#### Task instructions
Write down the listing again exactly as it appears below, without its pictures.

#### Supplied material

_____

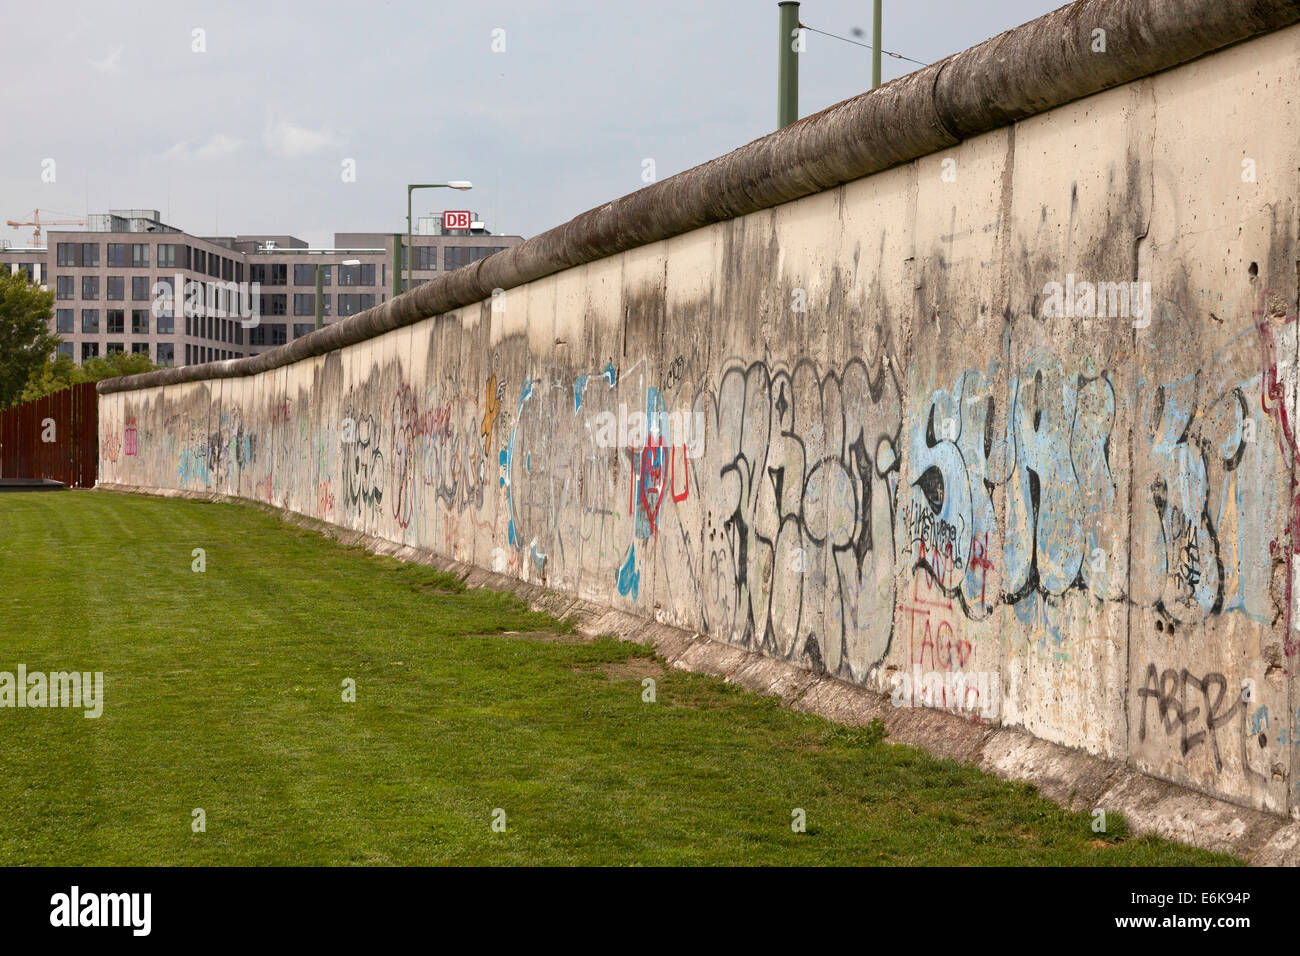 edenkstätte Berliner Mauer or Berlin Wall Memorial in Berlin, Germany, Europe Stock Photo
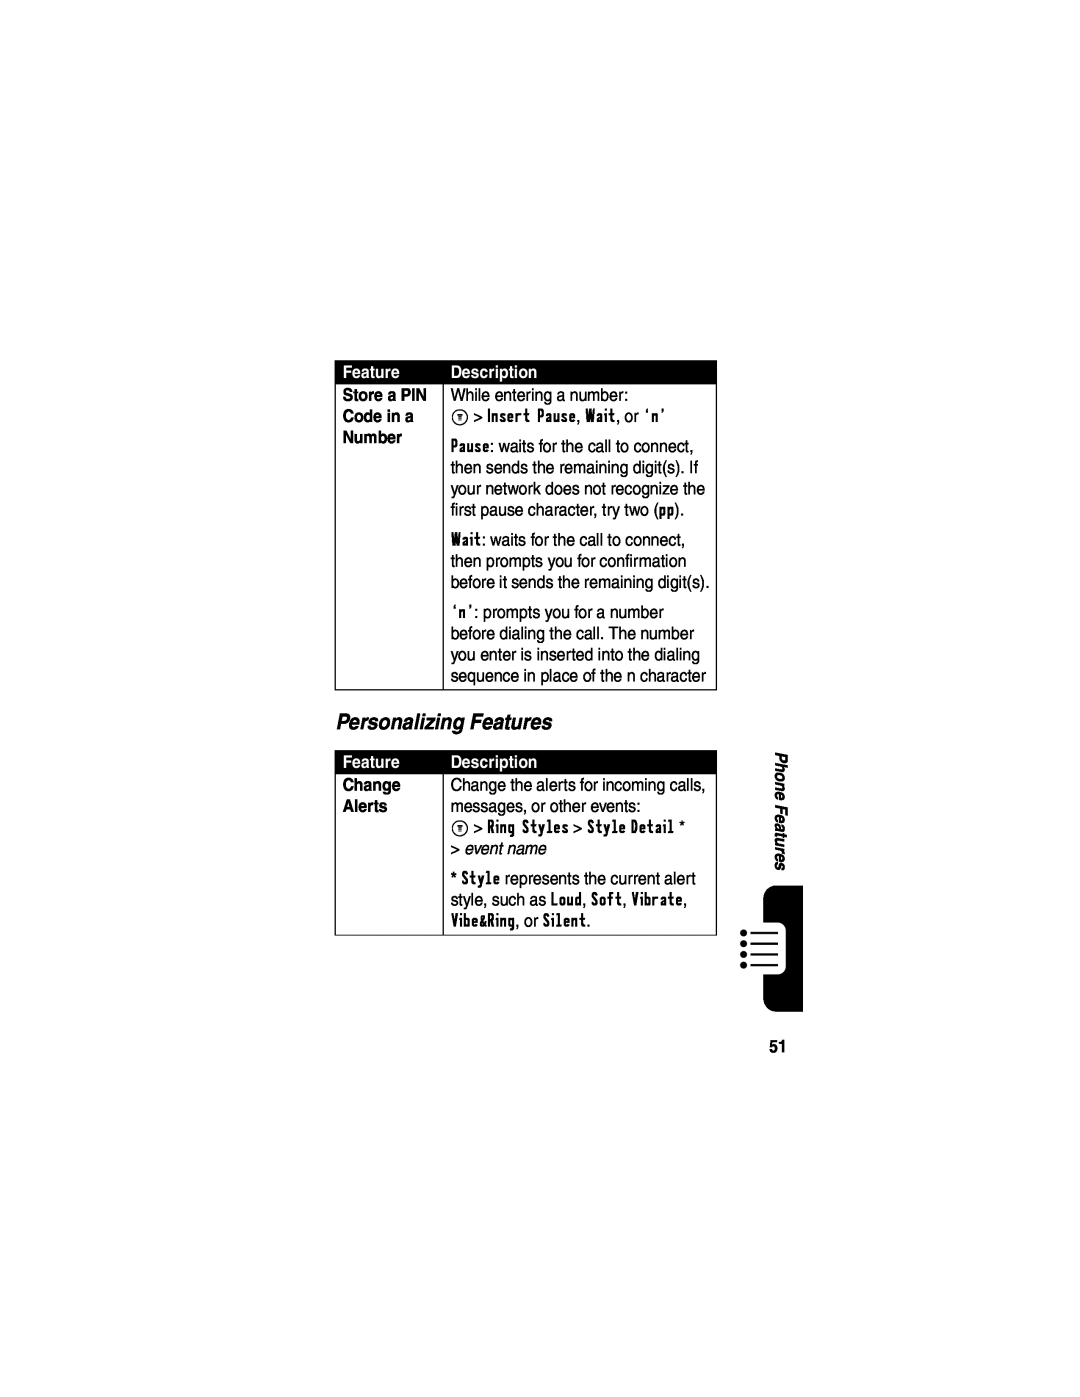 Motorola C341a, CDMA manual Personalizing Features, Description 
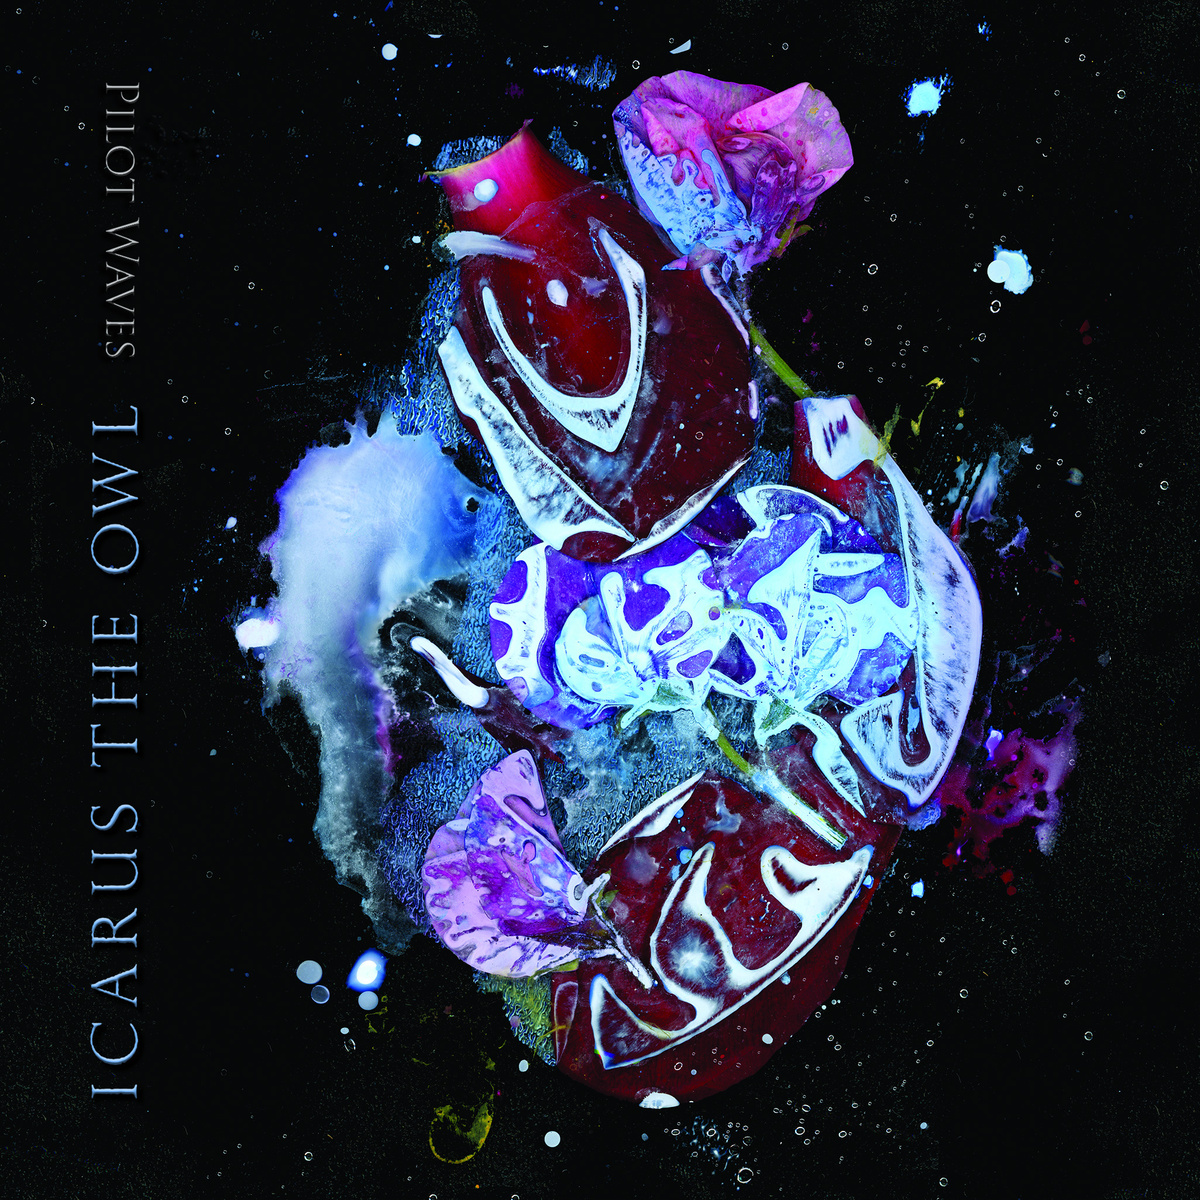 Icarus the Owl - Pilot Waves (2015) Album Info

_____

#### Answer to this task
 edenkstätte Berliner Mauer or Berlin Wall Memorial in Berlin, Germany, Europe Stock Photo
 Motorola C341a, CDMA manual Personalizing Features, Description 
 Icarus the Owl - Pilot Waves (2015) Album Info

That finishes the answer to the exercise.